The error report provides four graphs:

 

Example

 

Example

 

Error Size and Complexity: There is a strong correlation between the complexity/sharpness of a position and the average size of mistakes. Intuitively, this makes sense, but the clarity of the relationship is surprising. Players who struggle with calculation tend to make more significant errors in sharp positions, which results in a steeper error curve. For top players and correspondence chess, the curve is nearly horizontal.

 

Example

 

Frequency of Error Sizes: This graph shows how often a particular error size occurs, measured in 100 centipawns intervals. It is clear that stronger players make large errors less frequently.

 

Relevance to Result: This statistic categorizes errors based on their impact on the result. It distinguishes between cases where a winning position remains won after a mistake, or a bad position becomes a losing one. Some players tend to be inaccurate in good positions but very alert in bad ones, and vice versa.

 

Error Context: This highlights further patterns in which errors occur. There are differences in errors between stronger and weaker players, as well as between endgames and middlegames. Players who are under attack tend to make more mistakes than the attacker.

The error report can, to some extent, be used to identify engine use. In such cases, the error Elo is unusually high. The complexity line (first graph) becomes flat or downward, because the error size is independent of the position's difficulty level. This is more apparent in blitz games.

 

Note: The error report needs to analyze nearly every move of a game using an engine. For "accurate" analyses, this would take several minutes per game. However, the error report performs extremely quick, parallel searches, reducing the analysis time to a few seconds.
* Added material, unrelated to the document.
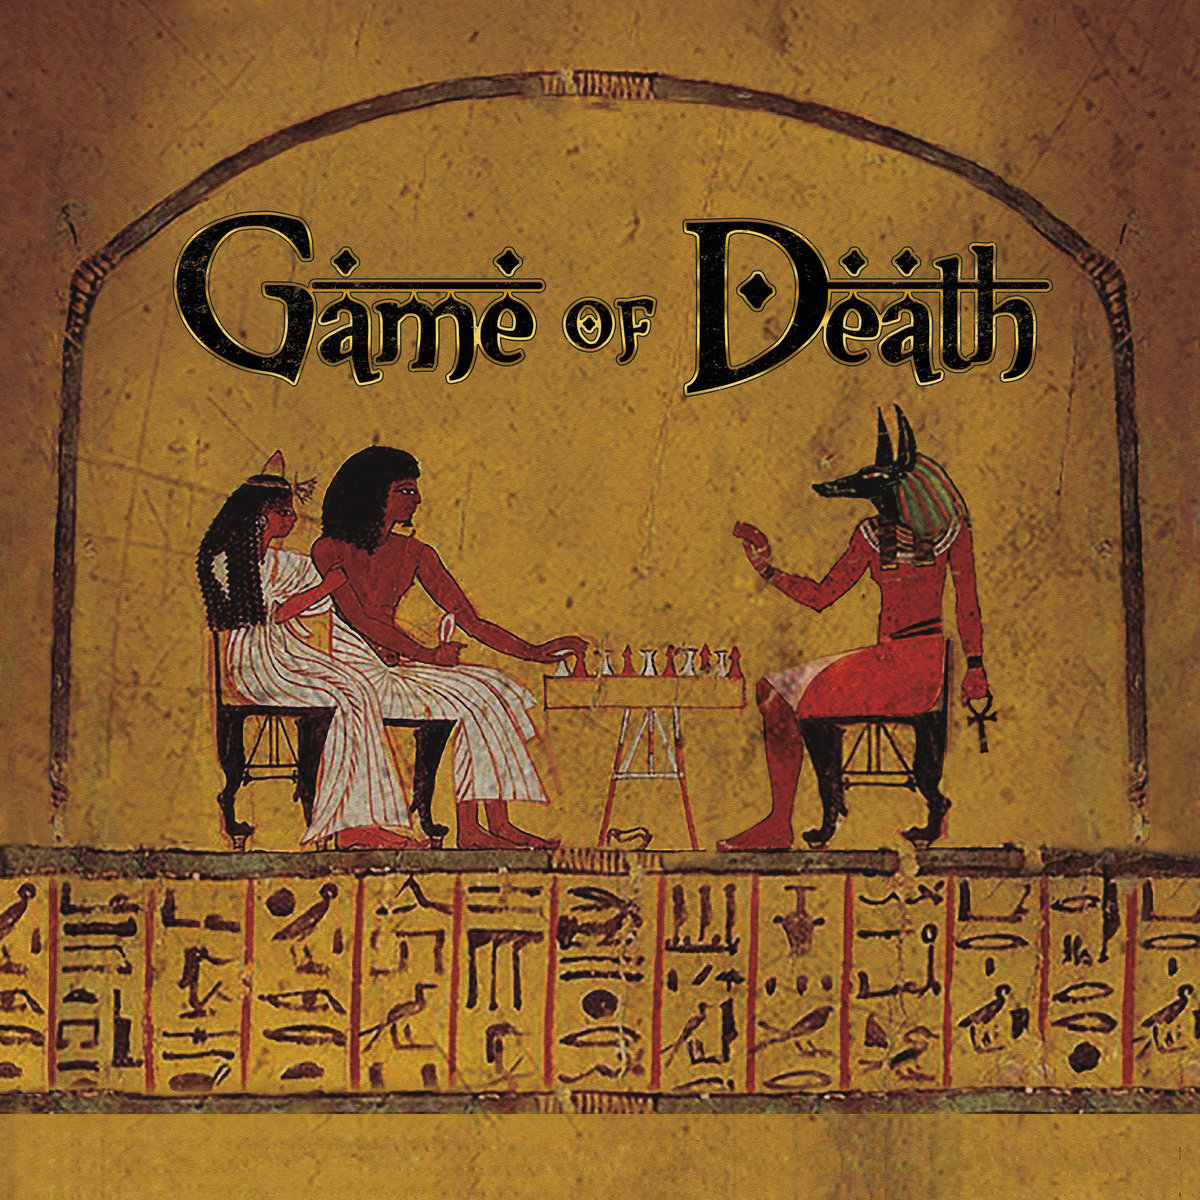 GENSU DEAN & WISE INTELLIGENT - GAME OF DEATH LP Review

This, by nature, results in less accuracy. Therefore, strong players are typically rated a bit lower.

 

When analyzing computer-generated games with the error report, you're comparing an engine result at a depth of around 12 with one at depth 30. In this case, the errors are more likely to be in the analysis rather than in the game itself. Nonetheless, the flat slope of the complexity curve will be immediately noticeable.

 

Tip: It is possible to evaluate multiple players at once. To do so, sort the player index, for example by Elo rating or number of games, so that the most important players appear at the top. Select multiple players (Ctrl-click), then start the error report. Alternatively, you can copy the desired players into a new database and select all players in the player index for analysis.

 

Note: Only the last 100 classical time control games per player are analyzed. Games in which the player was under 16 years old are ignored.